* _TASK STATEMENT_: Leaving all pictures aside, write out the records below precisely as given.

(Saved entries)
•••••

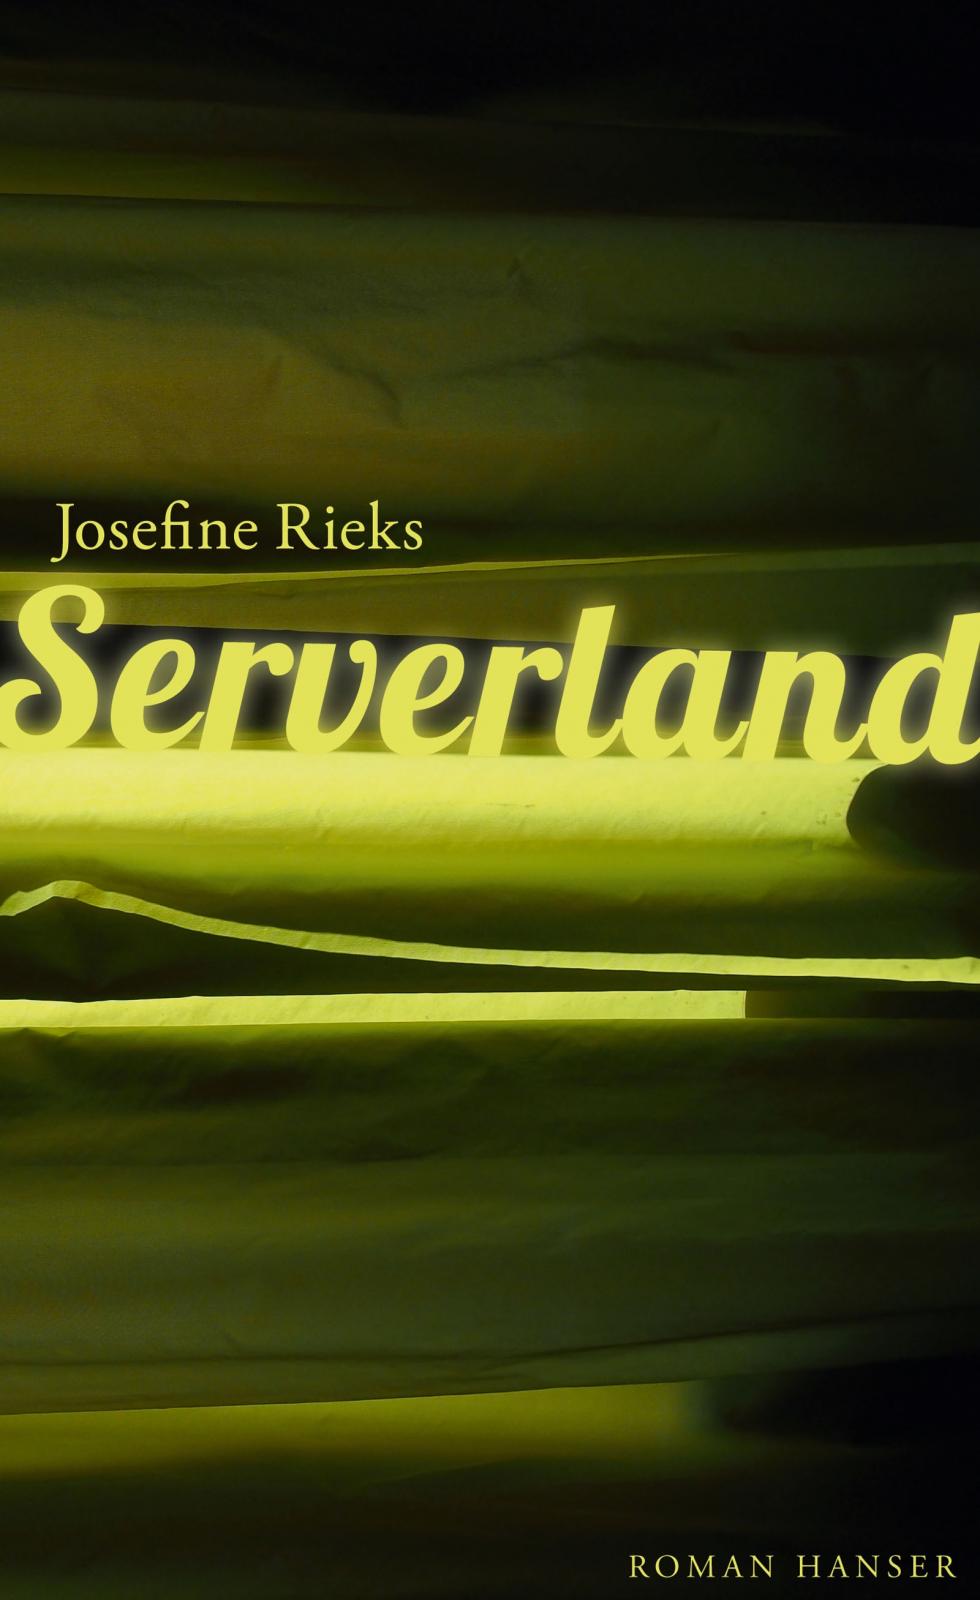 Josefine Rieks: Serverland
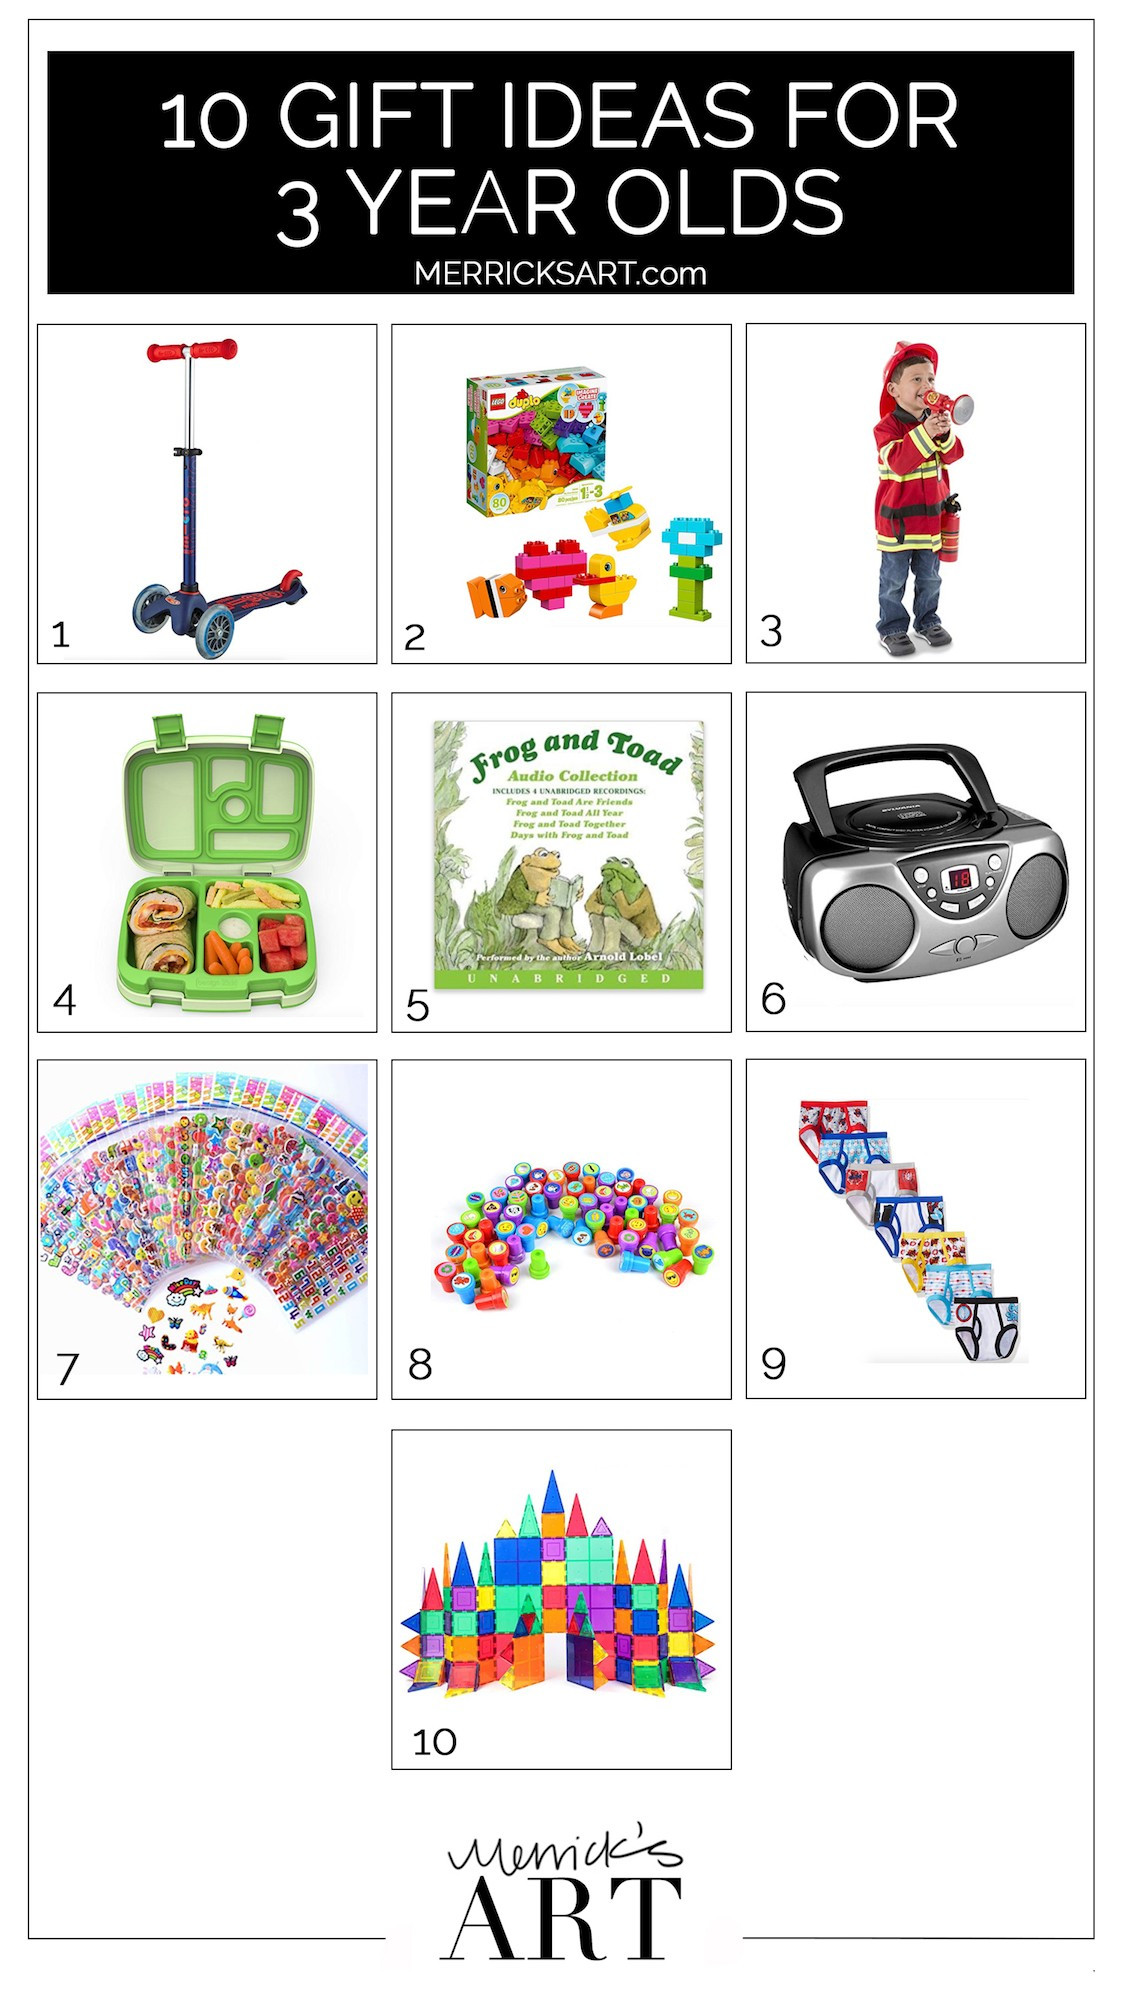 3 Year Old Boy Birthday Gift Ideas
 10 Birthday Gift Ideas for a 3 Year Old Boy
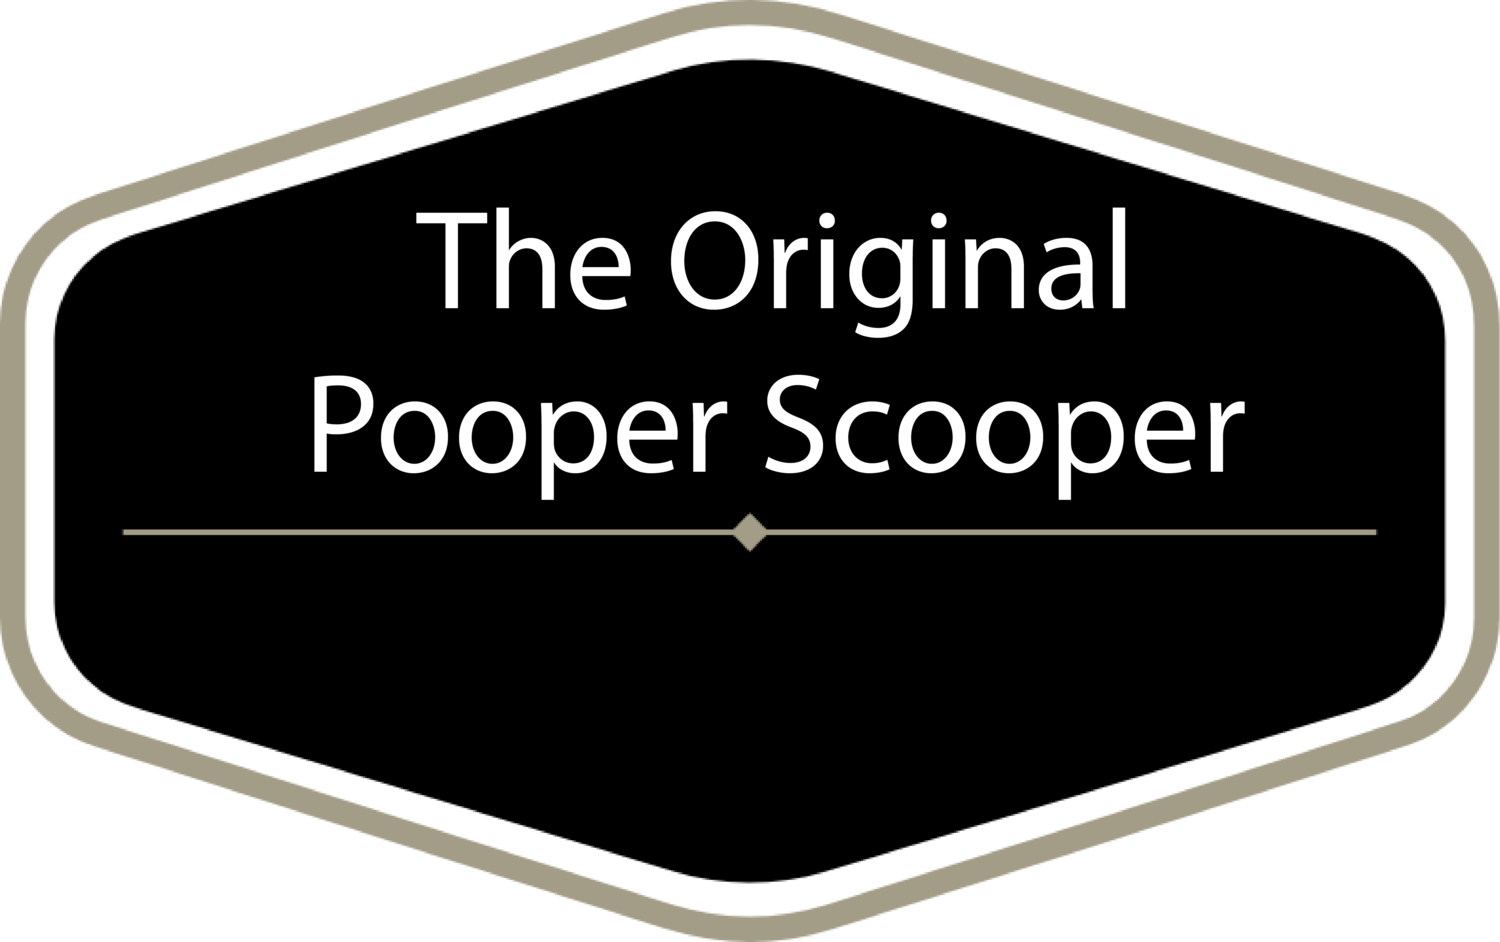 The Original Pooper Scooper
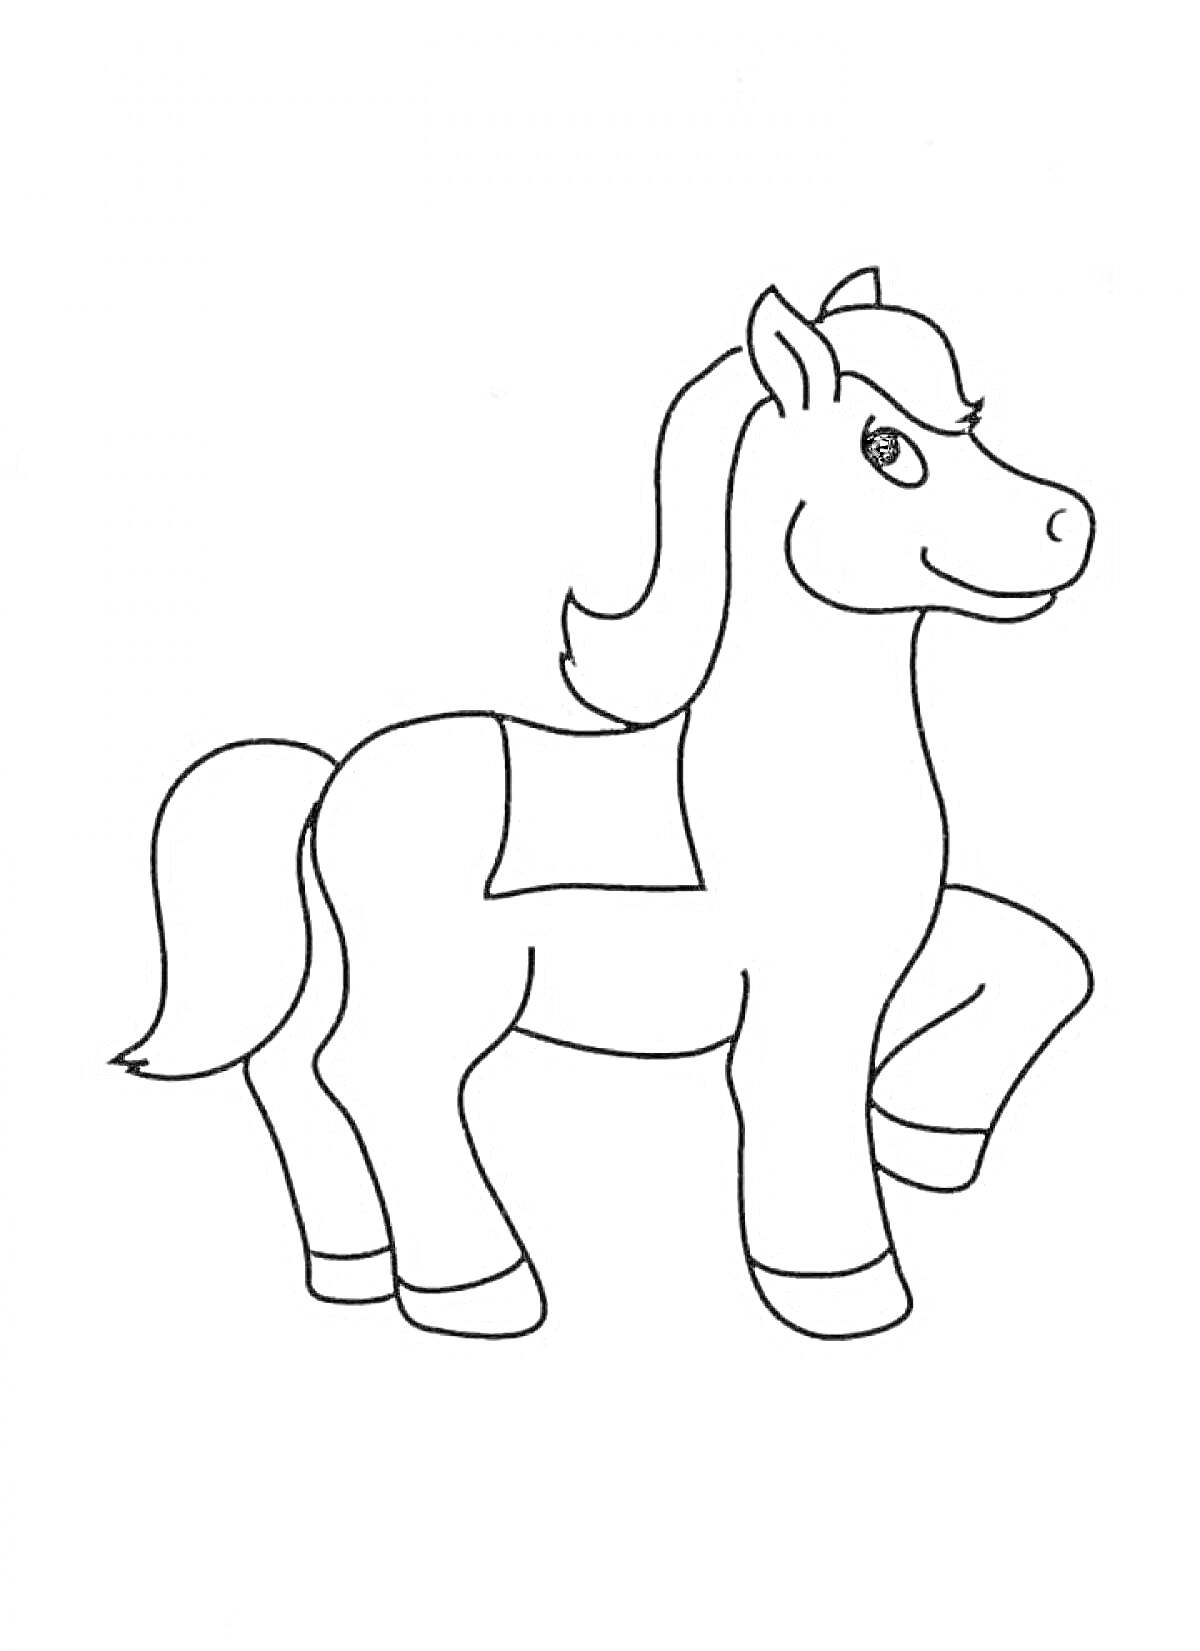 Раскраска Лошадь в движении с поднятой передней ногой

•••••

* _FINAL ANSWER_:
 Josefine Rieks: Serverland
 3 Year Old Boy Birthday Gift Ideas
 10 Birthday Gift Ideas for a 3 Year Old Boy
 The Original Pooper Scooper
 Раскраска Лошадь в движении с поднятой передней ногой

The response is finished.